BTW I really admire the guy and I followed him closely as I used to do with others like Dave Hyatt.

People from the open-source world or researchers that have given a solid contribution to Apple over the years, and not only from the technical point of view.


Hmmm, going from someone with a pretty big Wikipedia page, to someone with just a linkedin entry. Guess it's fine. But Apple seems to be in a bit of a tail spin as of late.

Sure they'll do amazing.


Having a Wikipedia means you’re quite known. Not having one doesn’t mean you’re incompetent.

Good for him. I'm excited what his next job is. I sincerely hope it's another project that sooner or later is accessible for the public.

Maybe not too excited about Xcode for iPad?

Lots of great people leaving Apple right now, not a good sign.

Who else?

Mark Gurman even mentioned a lot of good people were leaving the company. (https://www.bloomberg.com/news/articles/2016-12-20/how-apple...)

Sal Soghoian, former Product Manager of Automation Technologies, although he left because they eliminated his position.



I suspect there are a few good people in the 33,000 others employed there.

We're talking TOP tier world-class employees (director of ML, lead dev of Swift), lots of lost mind share, not just any ordinary of the 33,000 rank and file. The best engineers often make lasting and drastic contributions and even have some say regarding the direction of the company itself.

best wishes

I didn't see that coming, very disappointing news. Definitely a loss for Apple and Swift. I really hope he will somehow stay involved with the project.

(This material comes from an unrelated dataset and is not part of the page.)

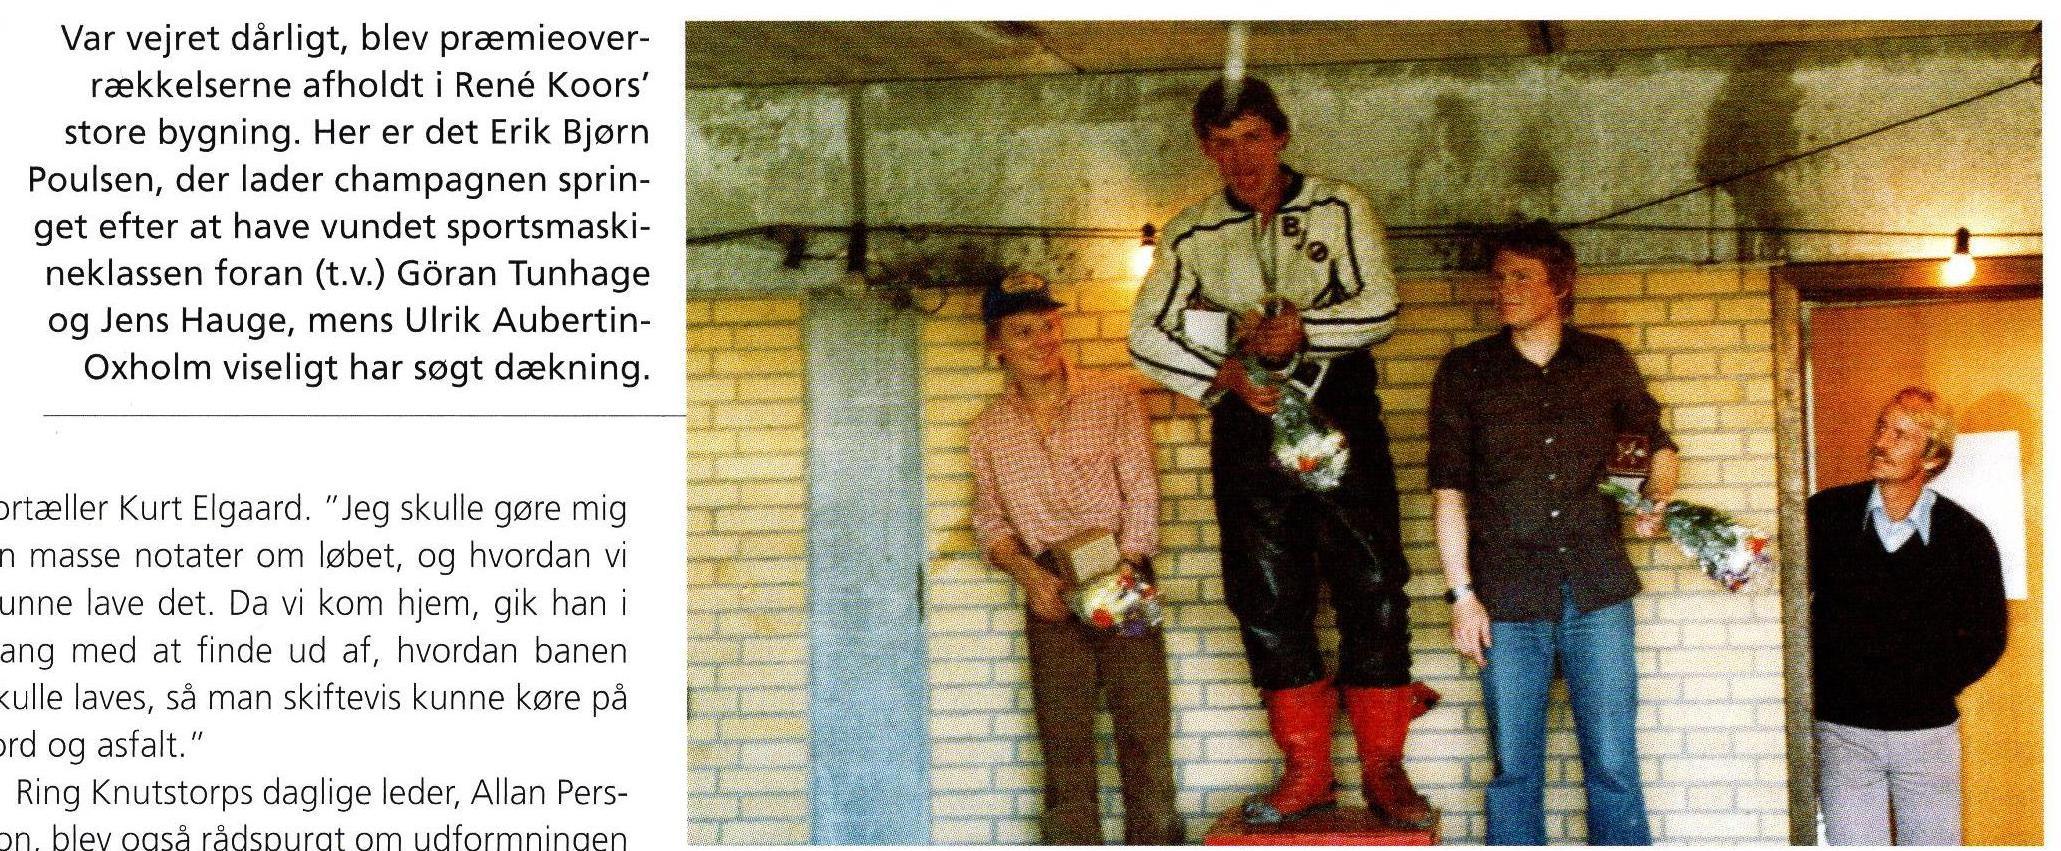 """Fra Alstrups bog. Vindertrioen i Sportsmaskineklassen. Erik Bjørn Poulsen """"Feddert"""" vandt foran Göran Tunhauge tv og Jens Thorup Hauge th. Løbsarrangør Ulrik Aubertin Oxholm ser til."""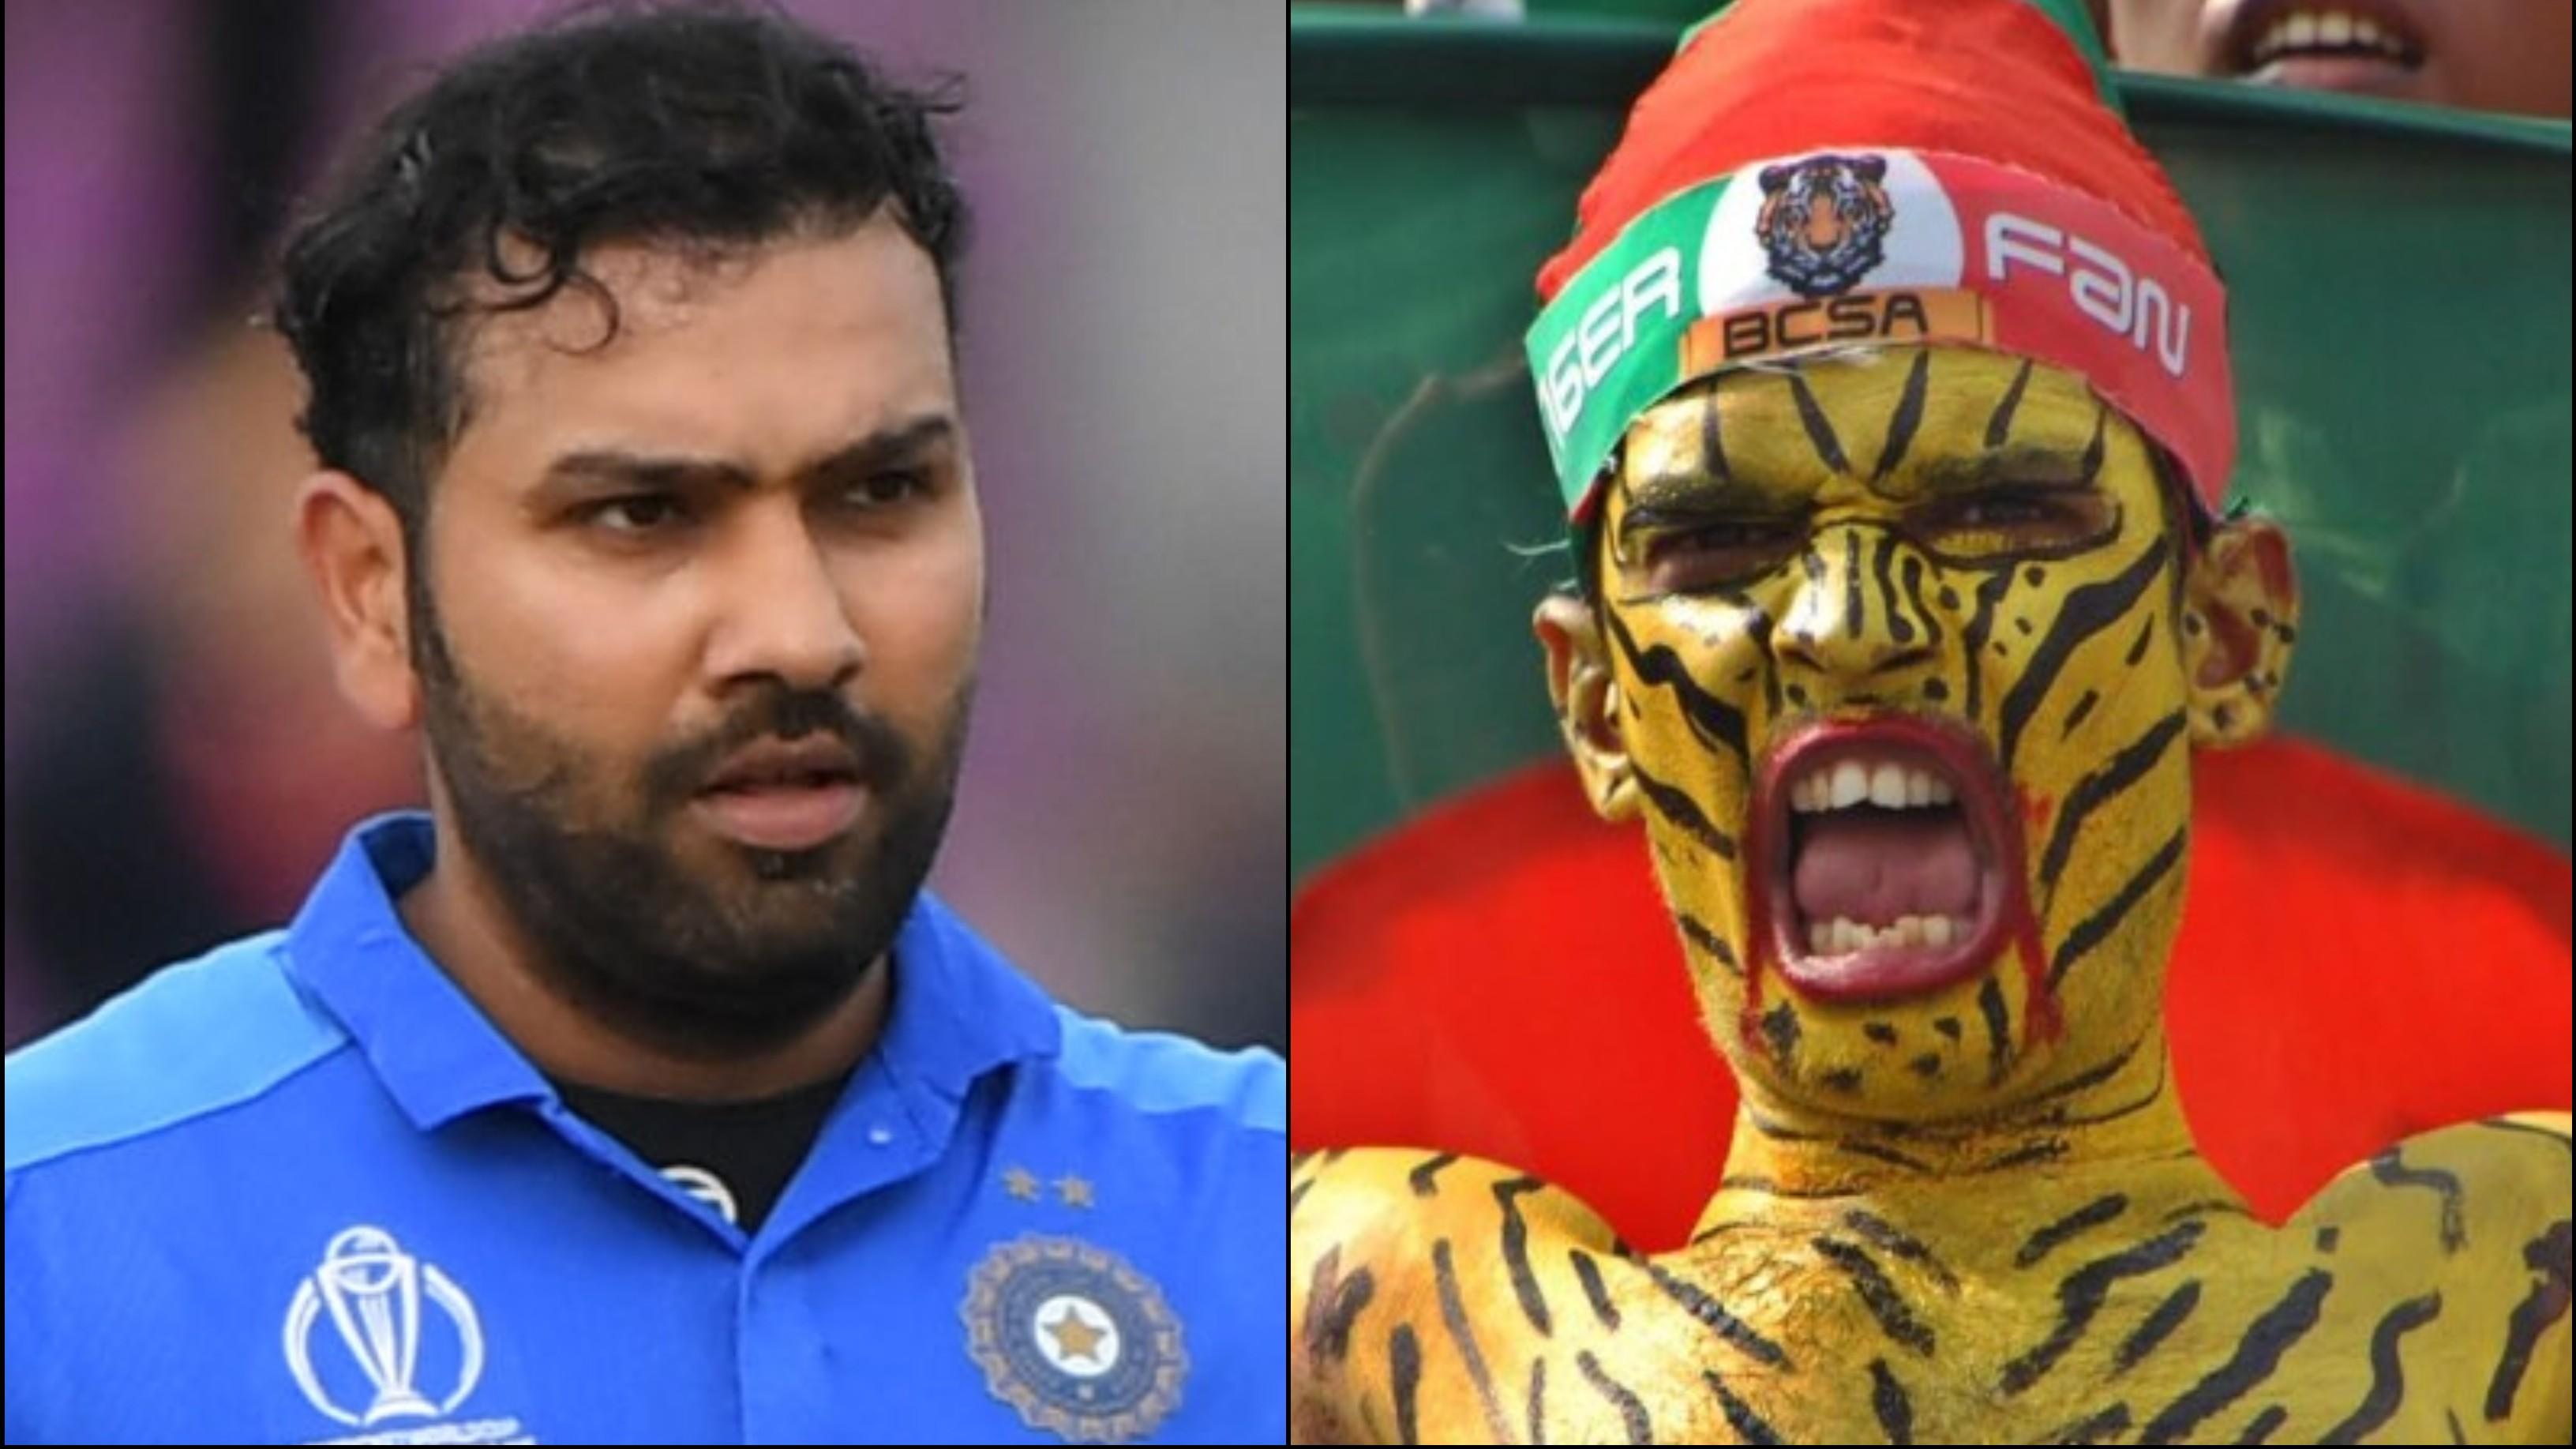 IND v BAN 2019: रोहित शर्मा ने बांग्लादेशी फैन की मदद कर दिलवाया मैच का टिकट

Did you read the email at all?

This decision wasn't made lightly, and I want you all to know that I’m still completely committed to Swift. I plan to remain an active member of the Swift Core Team, as well as a contributor to the swift-evolution mailing list.


From the guidelines[0]:

>Please don't insinuate that someone hasn't read an article. "Did you even read the article? It mentions that" can be shortened to "The article mentions that."

Not nitpicking, but we can miss things or we can be looking at different things.

Case in point, one time on a Python mailing list, I asked a question and one person pasted something from the docs. I had read the docs for what I was trying to do before asking the question, specifically the paragraph pasted and I just thought "How could I have missed that?". It turned out they were pasting the docs from Python 3 and I was reading the docs for Python 2.7. The paragraph was identical in every respect, except for the particular thing I was talking about which was changed with Python 3.

[0]: https://news.ycombinator.com/newsguidelines.html


Except that doesn't apply when the "article" is all of 5 sentences.

You're not wrong. We don't know that the commenter has read that Lattner wrote he'll continue to be involved and wondered if he will in fact continue to be involved once Swift no longer becomes his main activity. Whether we like or not, it will have a smaller mind share than it did when it was his main priority and his job revolved around it.

this is the worst news ever. worse than all recent negative Apple press

> Chris Lattner clattner at apple.com

And this is why one should not use @company.com email :)


Why is that? Anything he did for Apple is owned by Apple.

Including his contacts and reputation? What if someone wants to email him now?

Then he'll make his email or other contact information available in some manner.

Ted Kremenek doesn't seem to be a very active contributor of Swift.

https://github.com/tkremenek

https://github.com/apple/swift/graphs/contributors


And yet Chris still thought he was fit to lead the group. Maybe in a project leadership role it's not all about how many commits you make?

Number of commits != overall impact on the language/community. I think he will serve this role just fine.

Which is good, since he will lead (and is a contributor, so at least knows the technical details) as opposed to being burdened with day to day coding?

The best project managers I worked with, didn't write one single line of code on the projects.

what about mailing lists? swift-evolution?